This came as a surprise to me. I am 99.99% certain the
notion of "bound vector" does not appear in any of my math
books. I don't recall seeing it in any of my physics books.
I don't recall hearing any physicist utter the term or use
the concept.
The concept of "bound vector" definitely exists in the minds
of students, even if they don't can't give a name to it.
In particular, I call attention to the idea of expressing
Newton's third law in terms of bound vectors. I'm not saying
this is a /good/ idea, but it's not completely crazy.
One problem with bound vectors is that they are incompatible
with the mathematical definitions of vector and vector space.
And as far as I can tell, the tradition within physics for
at least the last 50 years is to stick with the mathematical
definition of vector and vector space, i.e. to use "free"

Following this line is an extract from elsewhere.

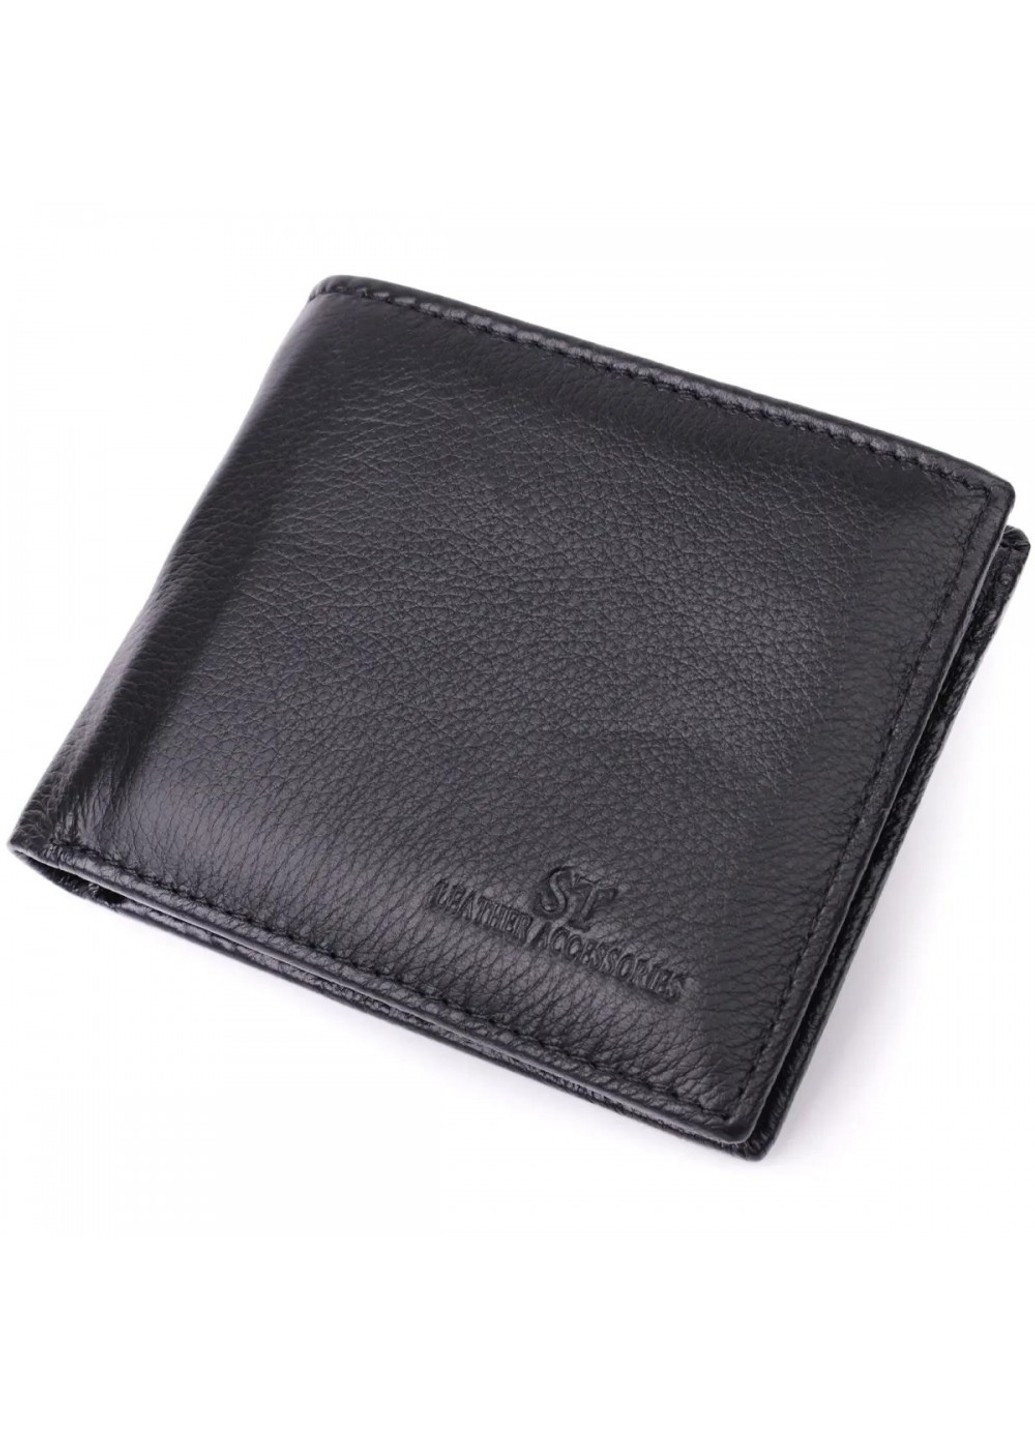 Мужской кожаный кошелек-зажим ST Leather 22481 ST Leather Accessories (277925862)
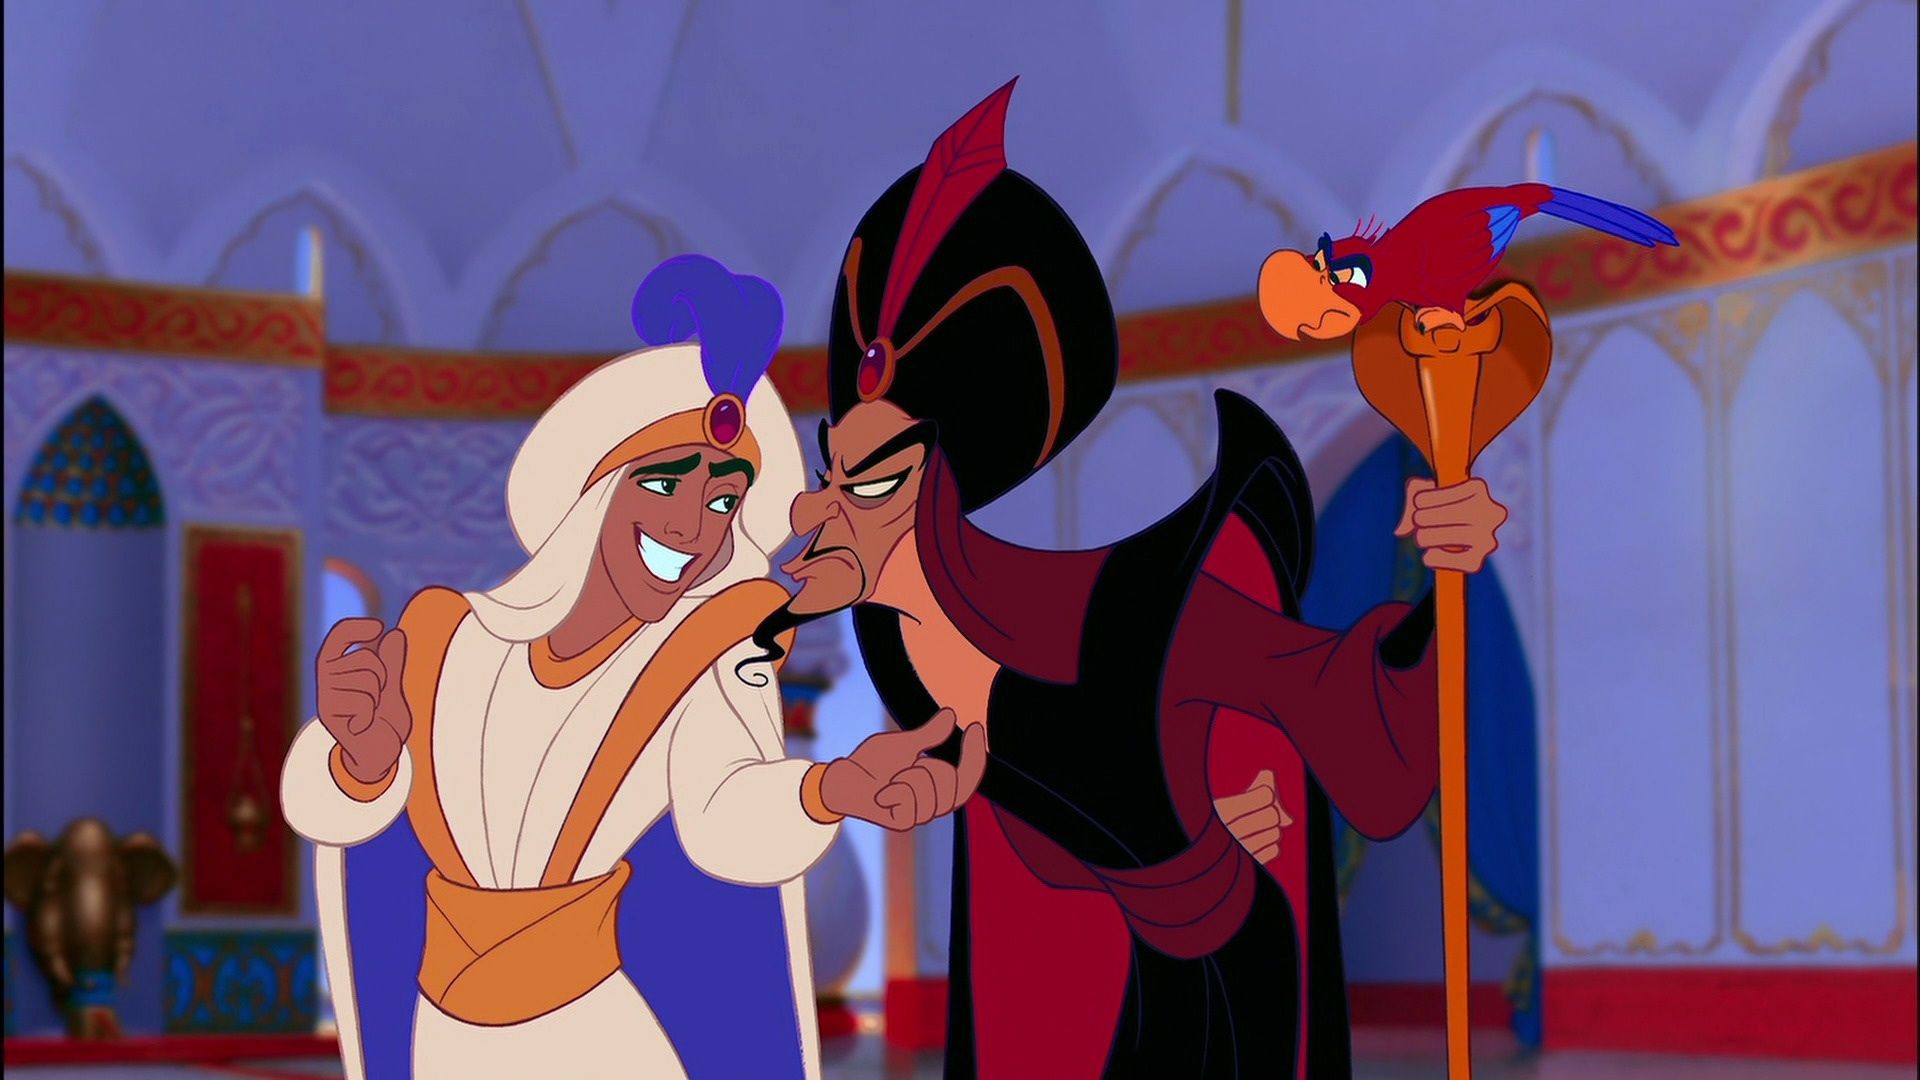 The Return of Jafar background

vectors for everything. In particular, in Newton's laws,
the force and the point of application are two different
vectors. To quantify the third law, it suffices to assert
conservation of the bivector r/\p (angular momentum). Then
conservation of the vector p (momentum) is obtained as a
corollary, as you can see by choosing a far-far-away datum
(origin) for defining the lever arm (r).
However ... I would like to throw this open as a question to
the group.
-- Can anybody cite an example of "bound vectors" appearing
in a reputable physics text?
-- As a matter of policy going forward, is there any advantage
to introducing "bound vectors" into the physics curriculum, or
should should stick with the mathematicians' definitions of
vector and vector space?